Information ->
● ● ● ● ● ● ●

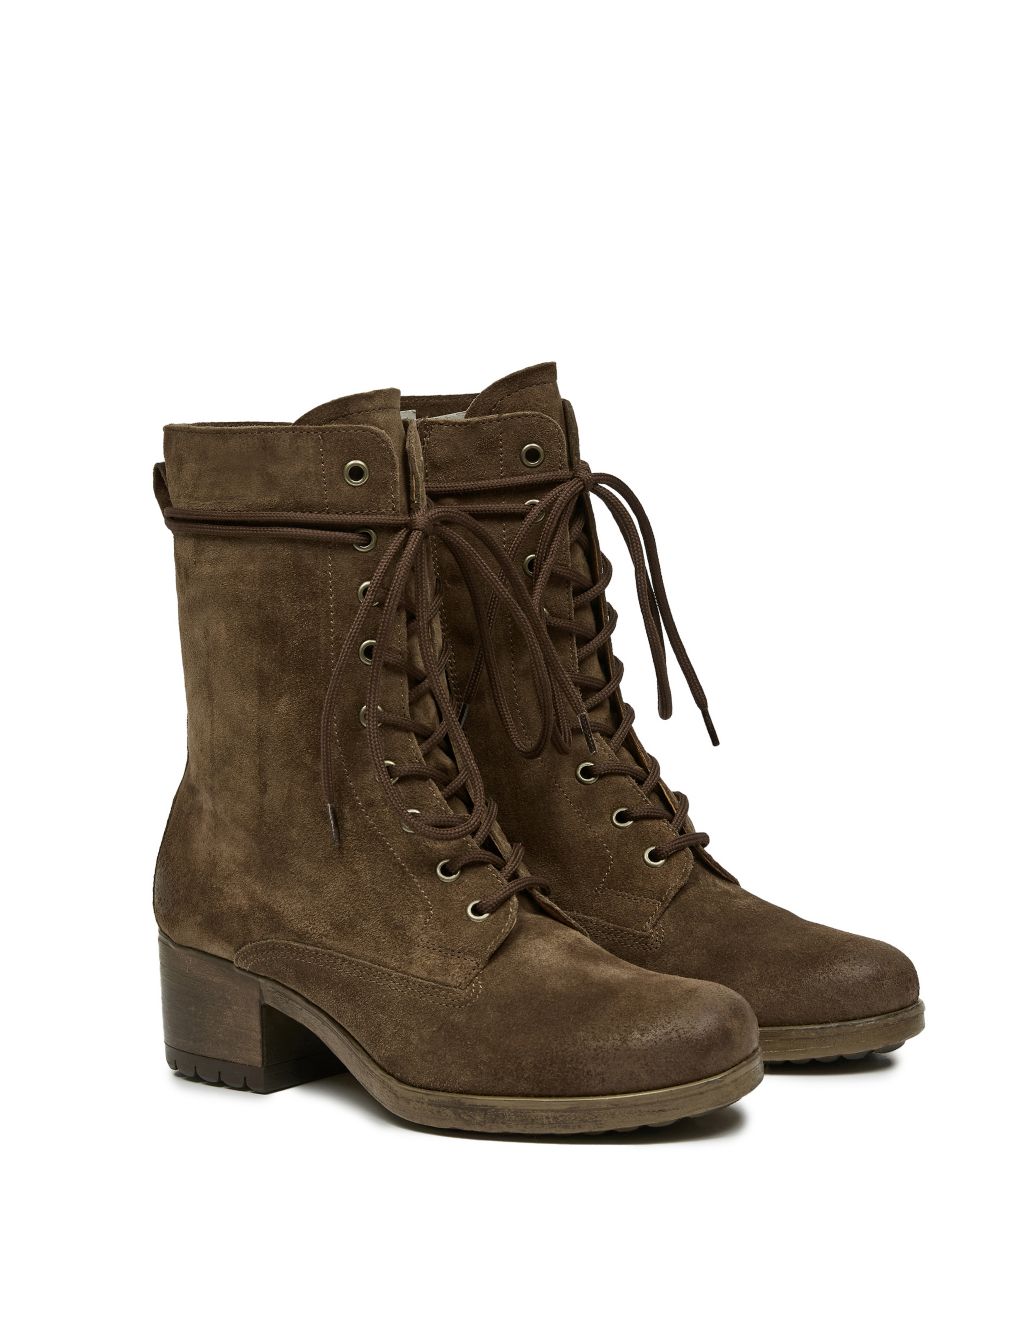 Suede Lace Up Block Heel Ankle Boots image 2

● ● ● ● ● ● ●

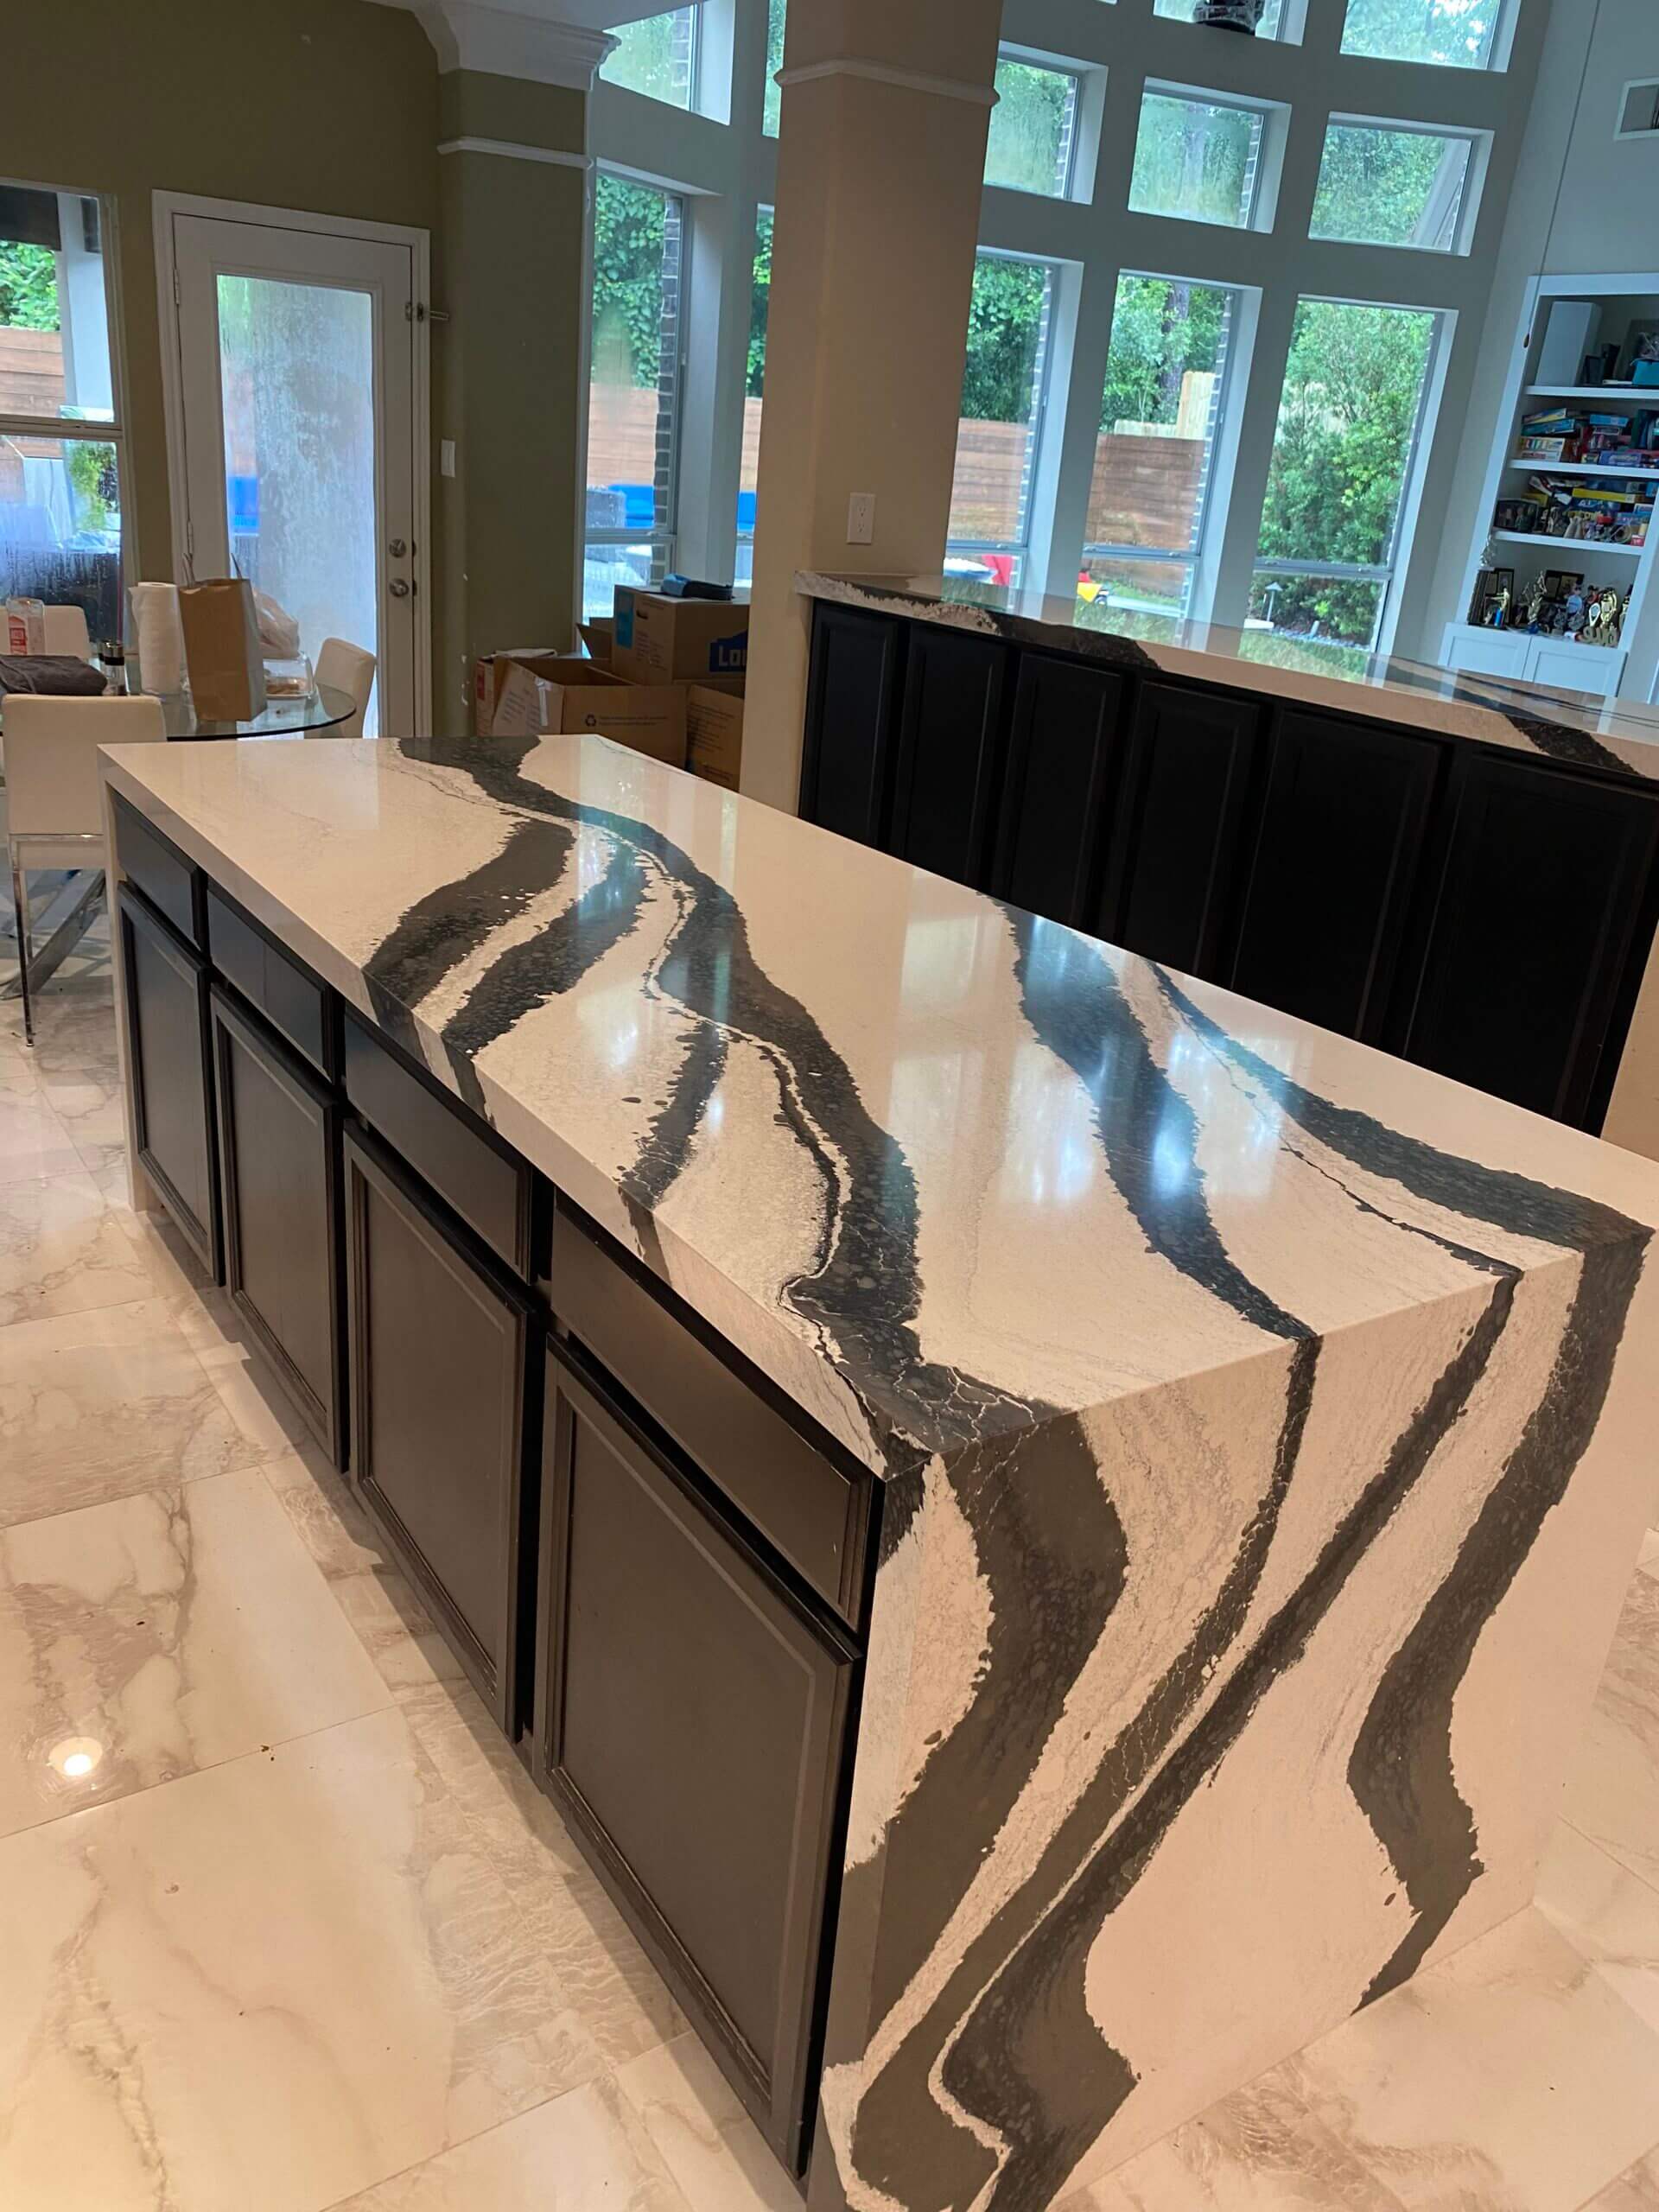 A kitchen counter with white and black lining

● ● ● ● ● ● ●

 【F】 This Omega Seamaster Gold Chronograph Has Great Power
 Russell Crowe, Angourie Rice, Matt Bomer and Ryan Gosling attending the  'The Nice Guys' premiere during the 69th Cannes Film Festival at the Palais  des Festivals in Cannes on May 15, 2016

● ● ● ● ● ● ●

What is expected ->
Taking the records above, retype every line from the one with "Has Great Power" down to the one with "Russell Crowe, Angourie", exactly and with nothing else.

Result of the exercise ->
 【F】 This Omega Seamaster Gold Chronograph Has Great Power
 Russell Crowe, Angourie Rice, Matt Bomer and Ryan Gosling attending the  'The Nice Guys' premiere during the 69th Cannes Film Festival at the Palais  des Festivals in Cannes on May 15, 2016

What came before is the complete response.